Bloggers

  • Patricia Kushlis
    International affairs specialist in Europe, Asia, the US, politics, public diplomacy and national security.
  • Cheryl Rofer
    Chemist; international environmental projects, nuclear and strategic issues.
  • Patricia Lee Sharpe
    Communications specialist with 22 years in the U.S. foreign service in Asia, Africa and Latin America.

Visits


Economics and Finance

Sunday, 22 June 2008

Where’s the Failure?

by CKR

David Ignatius must have taken an airplane trip recently. The airlines are in a downward spiral, he tells us. And one of the giants of the industry, Robert Crandall, former head of American Airlines, recently gave a speech outlining why he thinks the airlines should be re-regulated. He’s been opposed to deregulation all along, and some of his more dour predictions have come true.

Crandall makes a number of specific suggestions, but it’s his bigger points that are really important. He talks about goals for the aviation industry and goals for the country. He says we’re lacking goals. But, more precisely, we have allowed a set of ideology-driven fanatics to determine the goals for the country.

The goals we currently are working under are:

1) To maximize the “free market.” This means removing regulatory requirements and privatizing government functions.

2) To increase US hegemony through military power.

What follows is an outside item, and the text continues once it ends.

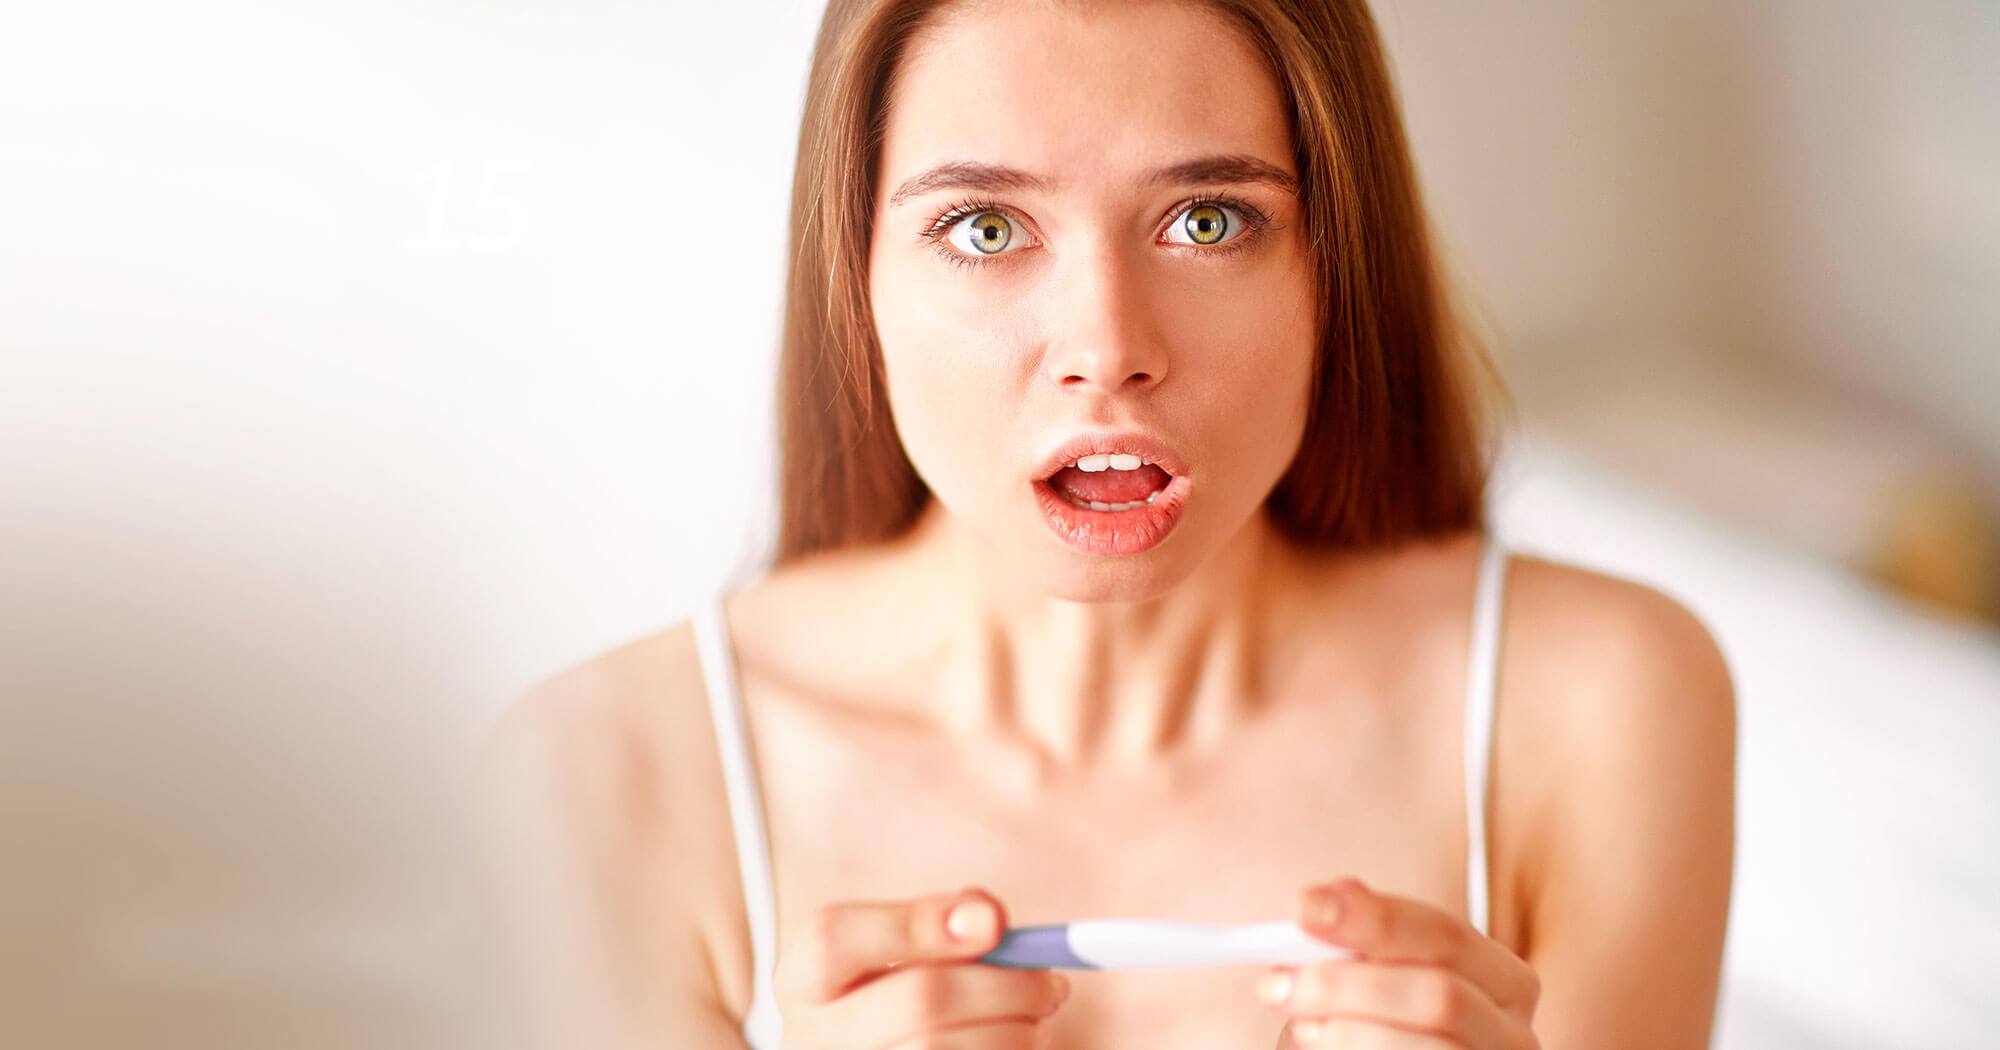 Evde Hamilelik Testi Nasıl Yapılır?

It’s becoming clear that these goals are doing far more harm than good, the disaster of airline deregulation being only one of many: crumbling infrastructure, Blackwater, lack of health care for too many citizens, alienation of our allies, and the list goes on.

Ignatius takes quick note of these ills and blames them on Washington gridlock. But he’s wrong. There is a specific ideology that insists on removing regulation, the devil take the hindmost. It is called conservatism, and Peter Scoblic has shown how it has undermined national security.

Some time around when the airlines were deregulated, politics became more of a popularity contest. Television showed us the five o’clock shadow, and politicans learned to be pretty and vague and attractiveness as a beer-drinking partner was added to the promise of a chicken in every pot or a Hummer in every driveway. The preparation for this sort of political career does not include the backbone to develop and stand by policies. It also allowed ideologues to put on a pretty face and promise lower taxes and ponies for everyone.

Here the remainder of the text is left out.